С каменным лицом Стивен вышел на дорогу и схватил обеих лошадей под уздцы. Остановив таким образом упряжку, он позвал Розалинду:
– Залезьте в повозку и посмотрите, как чувствует себя роженица.
– Не суйся не в свое дело, черт бы тебя побрал! – взревел Крейн. – Я все равно отвезу эту суку в Уитком. – И он угрожающе взмахнул кнутом.
Стивен поспешил поднять руку, защищая лицо. В следующий миг кнут, щелкнув, обвился вокруг его руки. С кошачьей быстротой он схватился за ремень обеими руками и вырвал кнутовище у Крейна.
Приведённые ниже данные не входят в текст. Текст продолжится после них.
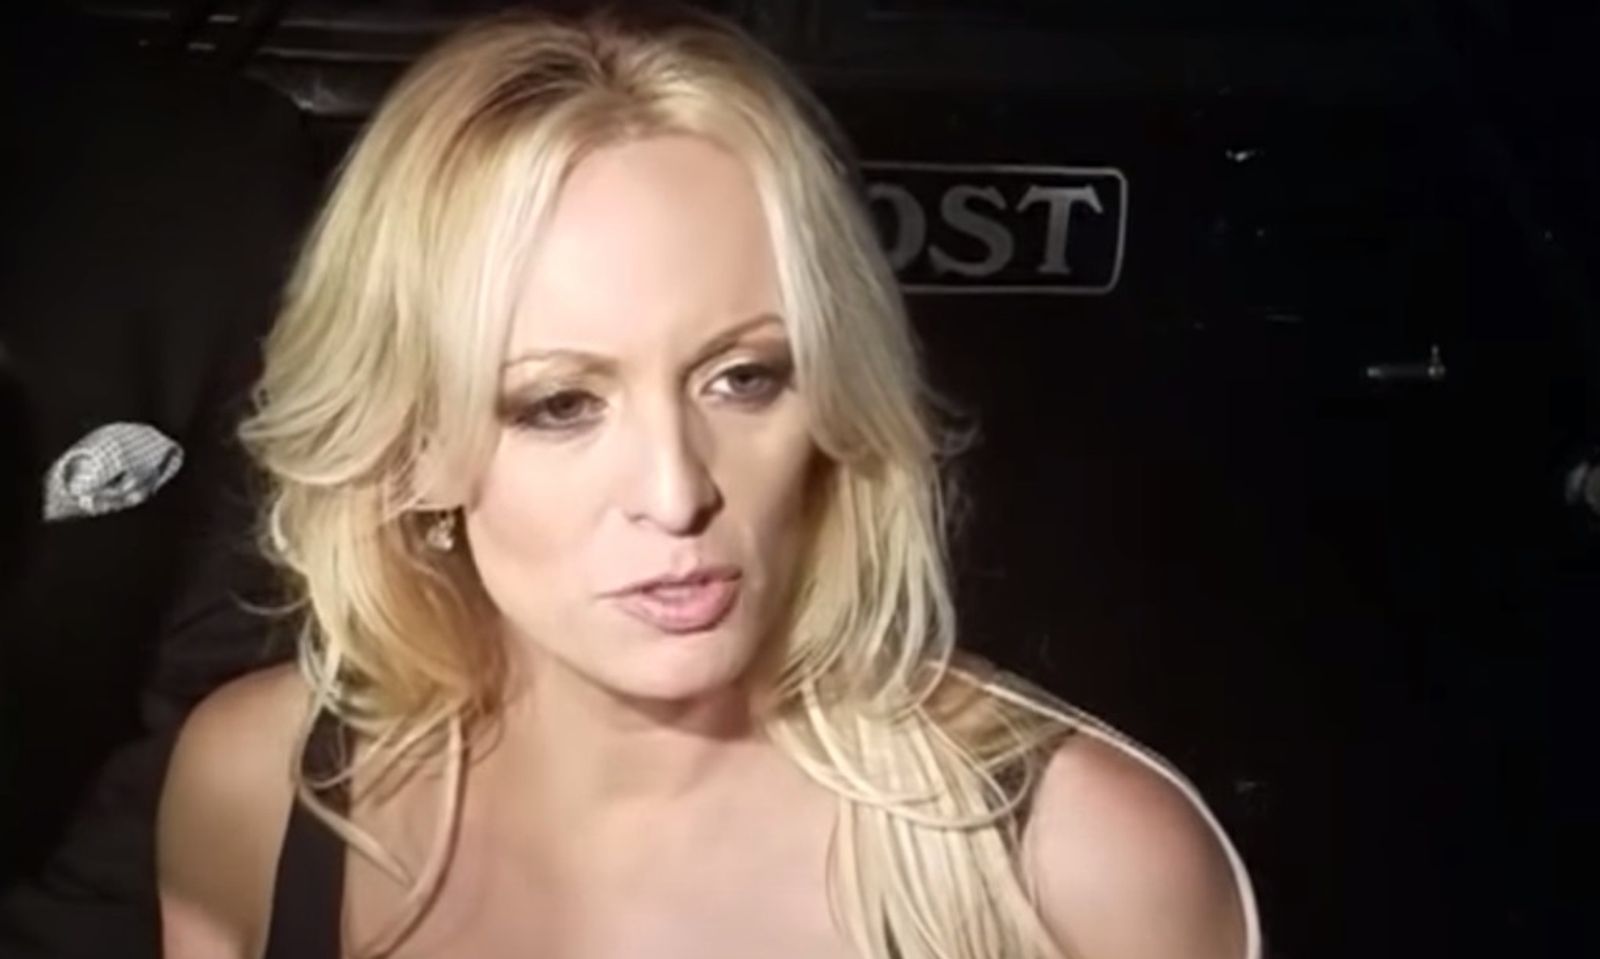 Trump Lawyer Files Motion To Make Stormy Daniels Pay His Fees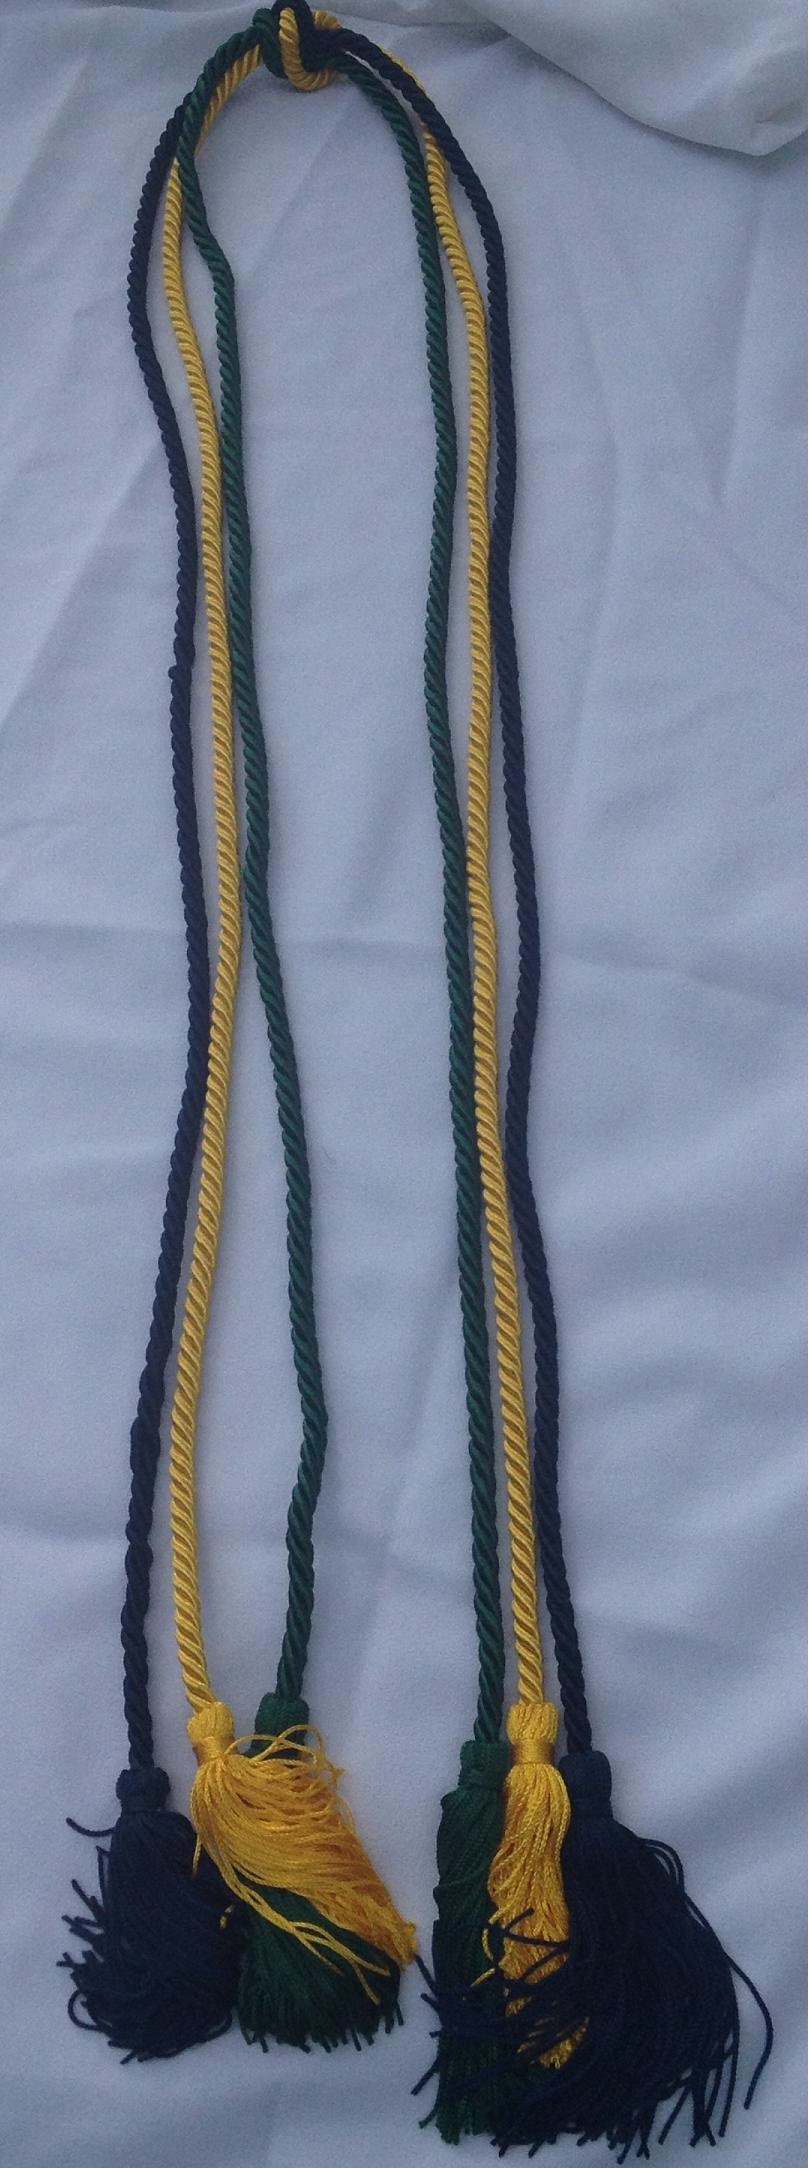 Three Separate Honor Cords

Кнут пролетел по воздуху, как разъяренная змея.
Легко нагнувшись, Стивен схватил кнутовище правой рукой. Затем с угрожающим спокойствием взмахнул Кнутом.
– Или ты закроешь свой рот и останешься на месте, или пожалеешь, что родился на свет, – произнес он голосом, способным, казалось, разрезать стекло. – Уж можешь мне поверить.
Крейн побледнел, а Браун сглотнул, явно успокоенный тем, что гнев Стивена направлен не на него. Розалинда с открытым ртом смотрела, как Стивен превратился в необыкновенно властного человека, которому вряд ли кто отважился бы возражать.
Услышав стон, она сразу же очнулась и вскарабкалась по заднему колесу на повозку. Там на сене лежала испуганная девушка лет семнадцати-восемнадцати. До беременности она, вероятно, выглядела вполне хорошенькой, но сейчас все ее разбухшее тело корчилось от боли, а обильно смоченные потом каштановые волосы приклеились ко лбу.
– Не бойся, – утешающе сказала Розалинда, опустилась на сено рядом с девушкой и взяла ее за сжатый кулачок.
– Но… роды уже начинаются. – В карих глазах темнел сильный страх, подол потрепанного серого платья был весь мокрый. – Я… я так боюсь.
Розалинда сжала ей руку. Она хотела сказать что-либо утешительное, но роды явно приближались и времени терять было нельзя. Если что-нибудь пойдет не так, и мать, и младенец могут погибнуть прямо у них на глазах.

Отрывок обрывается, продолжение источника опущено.